All peptides, including the benchmark, have ipTM values that fall between 0.3 and 0.5. Interpretation of the 0.3 – 0.5 range indicates weak interactions, but they may still occur. As ChatGPT research indicated, AlphaFold struggles with short peptides, as short as 12 amino acids. Having a benchmark, a known binder peptide, helps interpret the values, even if categorized as weak.
A low perplexity score of a peptide indicates that it is more likely to occur based on a protein language model. Among the new peptides, the perplexity score of peptide_4, 17.13, which is the lowest, is even lower than the perplexity score of the known binder peptide, 20.6. Two of the peptides have higher perplexity scores, peptide_1 and peptide_3, 30.94 and 28.21, respectively, placing these in the disfavored category.

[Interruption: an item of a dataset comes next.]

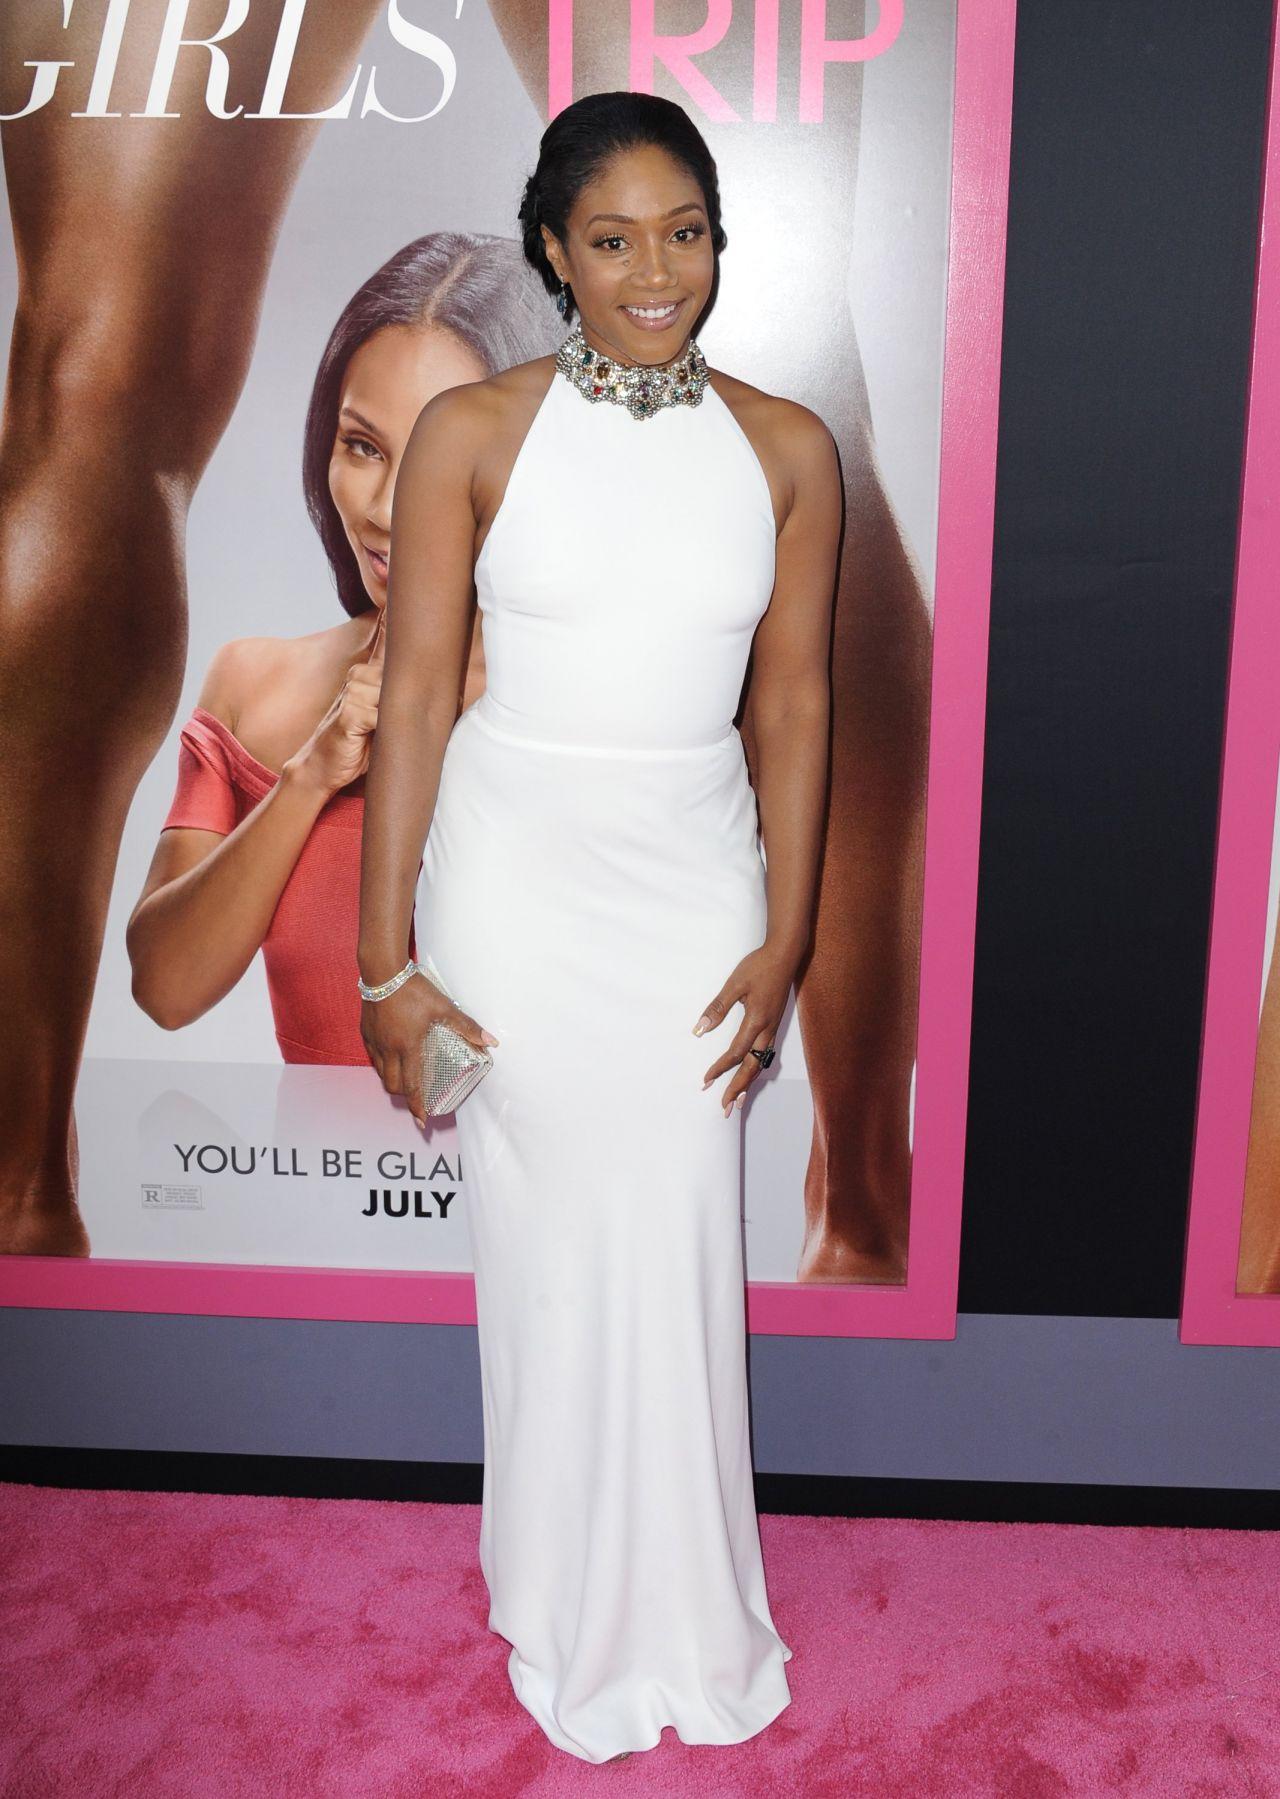 3 Times Tiffany Hadish Re-wear Her White Alexandra McQueen Dress

| ipTM score | Interpretation |
|---|---|
| > 0.7 | confident interaction |
| 0.5 - 0.7 | possible interaction |
| 0.3 - 0.5 | weak interaction |
| < 0.3 | likely no interaction |
Table 3. Reference for interpreting ipTM scores.
I’ve used ChatGPT research to interpret the results.
Prompt:
Can you explain the results from AlphaFold structural analysis for binder peptides to the SOD1_A4V variant? Results in Tables 1 and 2.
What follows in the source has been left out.